Dr Pepper Brownie Remix with Chocolate Chips
- 1 box brownie mix (about 18 ounces)
- 2 large eggs
- 1/3 cup vegetable oil (olive oil sub optional)
- 1/2 cup Dr Pepper soda
- 1/4 cup root beer soda (replace part of Dr Pepper for twist)
- 3/4 cup semi-sweet chocolate chips
- 1 teaspoon vanilla extract
- 1 Preheat oven to 345°F. Grease a 9x9-inch pan thoroughly and line with parchment paper allowing some overhang; this trick saves knife dulling and cracking edges when cutting.
- 2 In a generous bowl, toss together brownie mix, eggs, oil substitute, Dr Pepper and root beer sodas, chocolate chips, and vanilla. Stir by hand or low speed mixer just till uniform; overmixing makes these cakier and tougher—brownie purists cringe at that.

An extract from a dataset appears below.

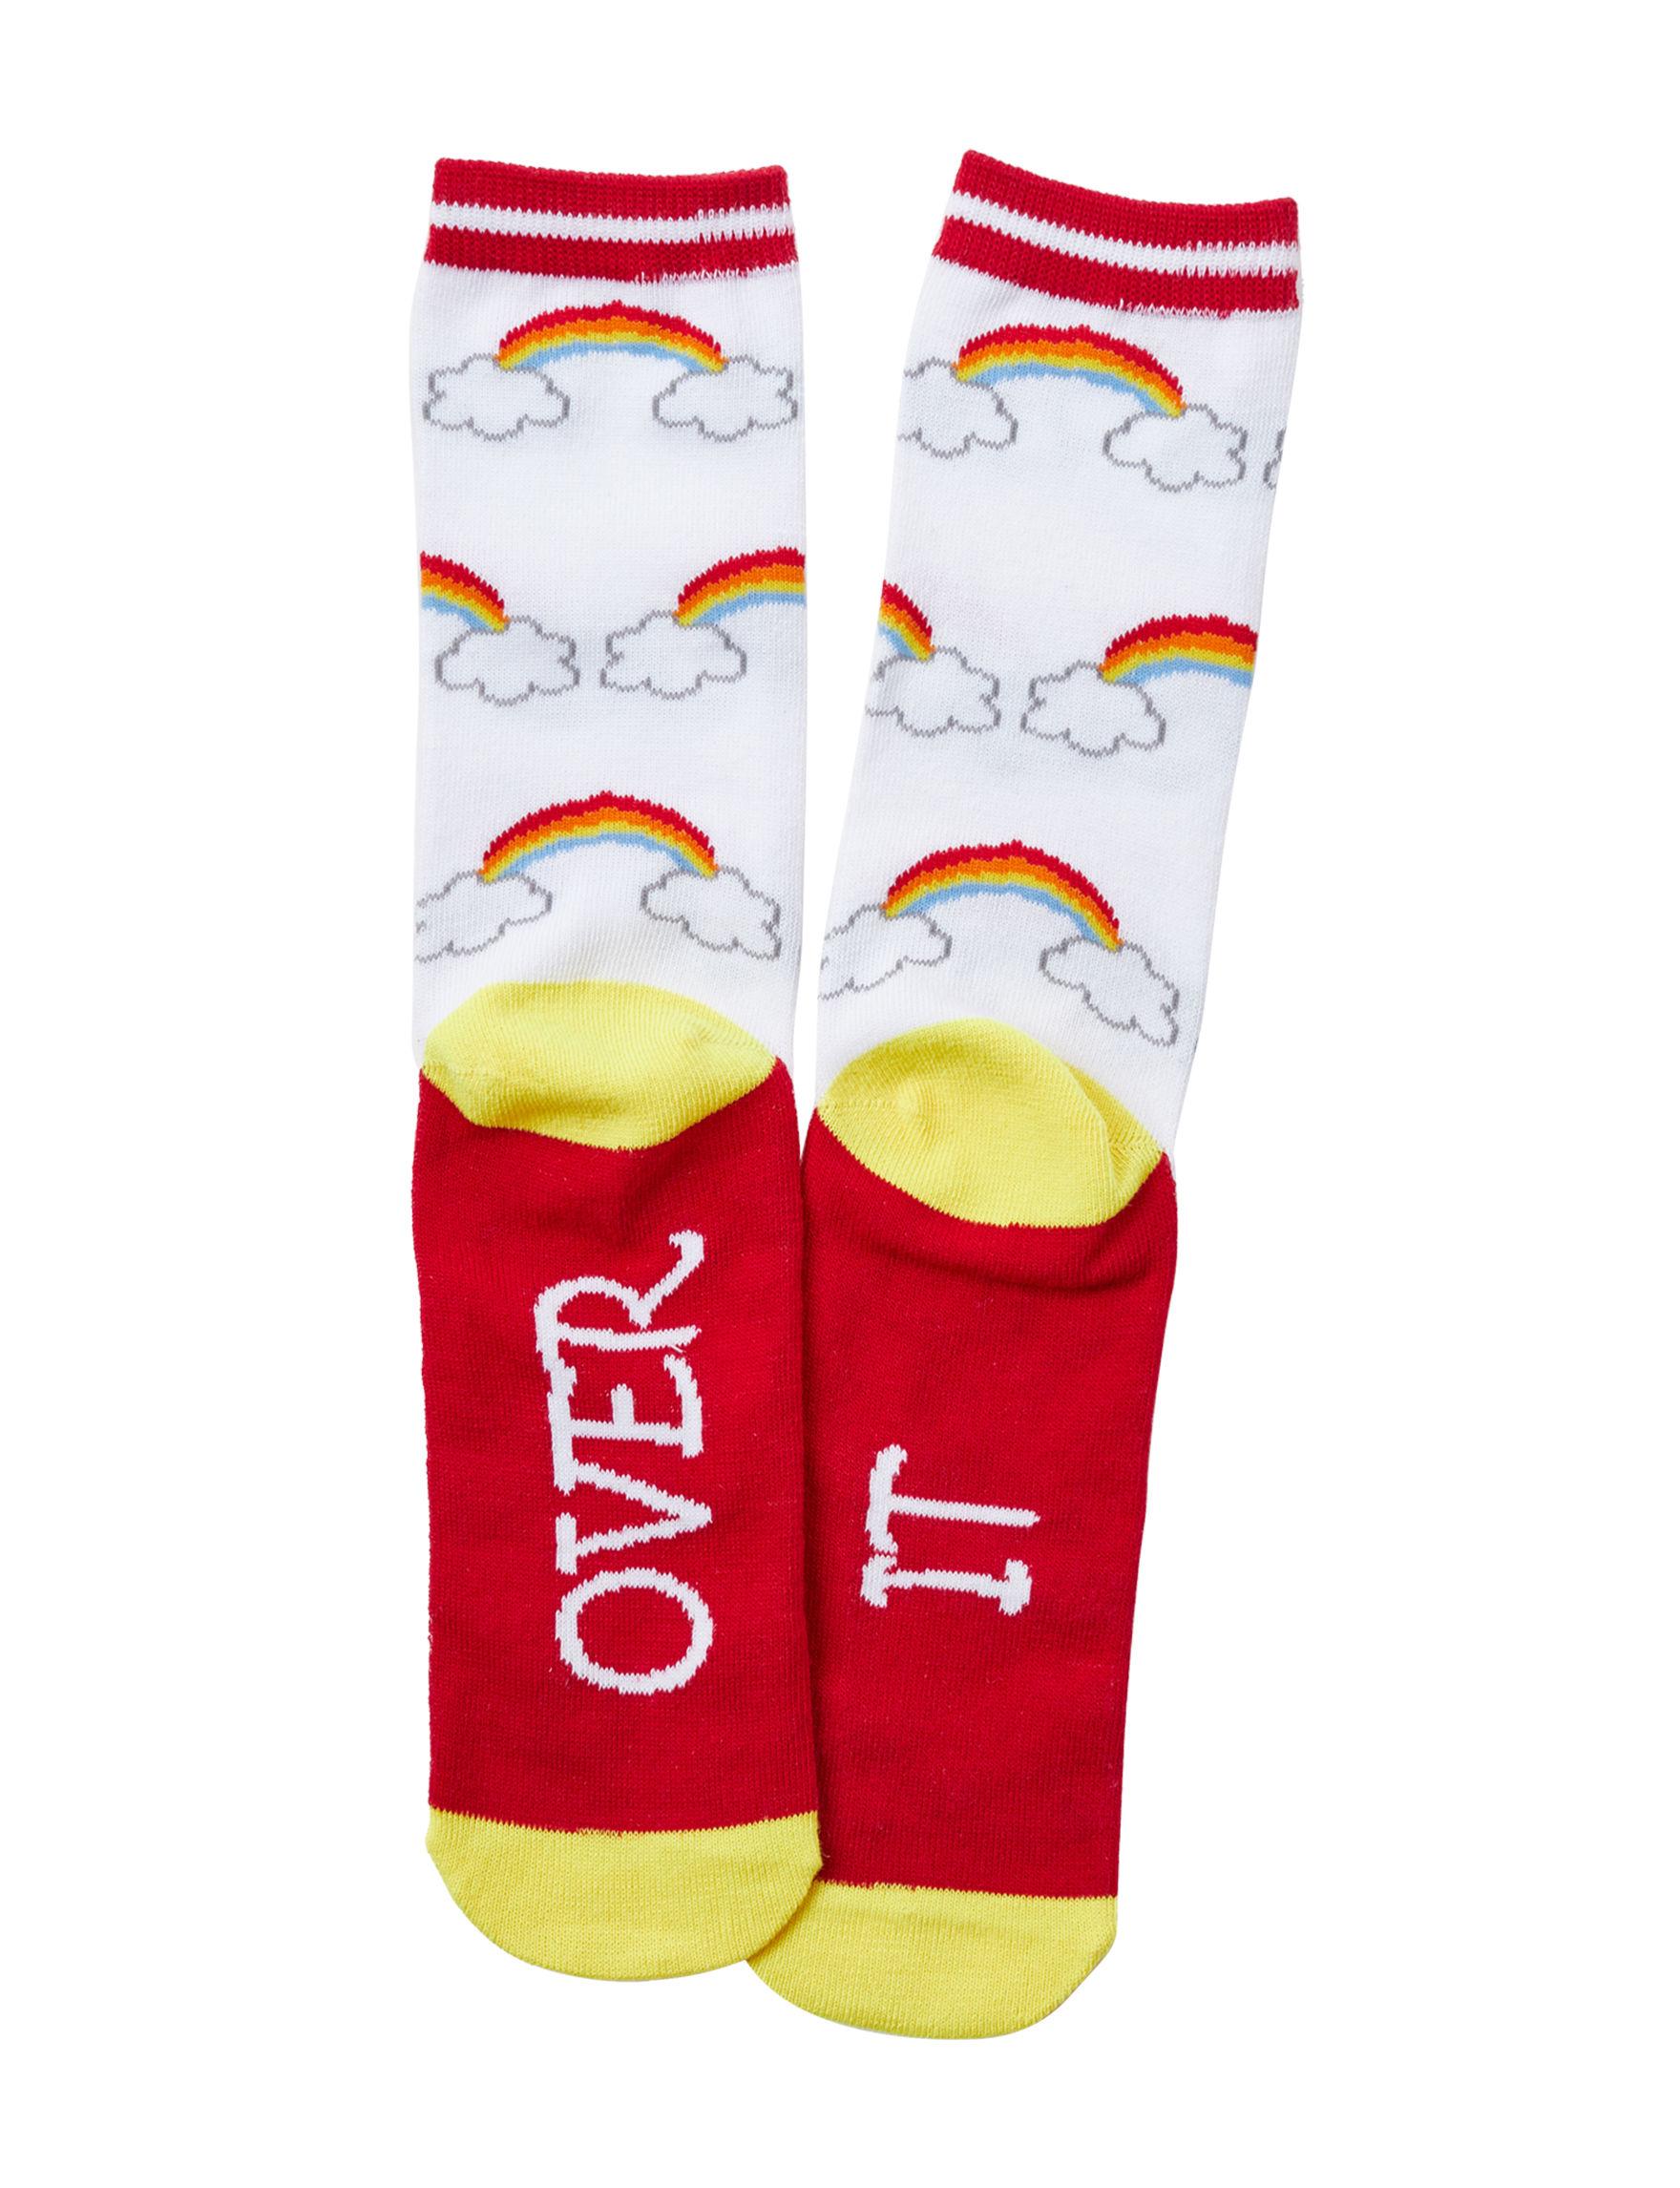 Keep Your Socks On Red Socks

- 3 Pour batter with some resistance into pan. Level with spatula but don’t smooth obsessively; air bubbles help texture.
- 4 Bake 28-34 minutes. Look closely: crackly top crust, edges slightly pulling away, and center just wobbly but no raw batter. Toothpick test — expect moist crumbs sticking, never dry or wet batter.
- 5 Let cool fully at room temperature—resist urge to cut hot. The heat continues setting texture; fudge-like centers firm up.
- 6 Lift brownies out by parchment edges. Slice with sharp serrated knife, clean between cuts. Serve warm or chilled, depending on craving for gooey or firmer bites.
Frequently Asked Questions
Can I use just Dr Pepper and skip the root beer? Yeah. Works fine. You lose a tiny bit of depth underneath but it’s still good. The Dr Pepper carries it.
What if I don’t have semi-sweet chips? Dark chocolate works. So does milk chocolate. Milk makes them sweeter. Dark makes them more bitter and you need more vanilla to balance it.
How long do these stay fresh? Three days at room temperature in a container. They dry out by day four. Fridge keeps them fudgy longer but they get hard when cold. Room temp or slightly warmed is the move.
Why 345°F instead of 350? The soda carbonates faster at higher temps. You lose the fudgy center and get a cake instead. Lower temp gives the bubbles time to set texture without overdrying the middle. Not totally sure why but it works every time.
Can I use a 9x13 pan instead? You can. They’ll bake faster, maybe 20-24 minutes. Thinner brownies. They’ll still be good but less fudgy in the center. Stick with 9x9 for the best simple brownie recipe texture.
Is this a cosmic brownie knockoff? Not really. Cosmic brownies are cakey with frosting. This is fudgy and dense. Different animal. Similar vibe though—that nostalgic chocolate thing.
Do I need vanilla extract? Technically no. But yes. It kills the soda edge and makes the whole thing taste less weird. Worth the teaspoon.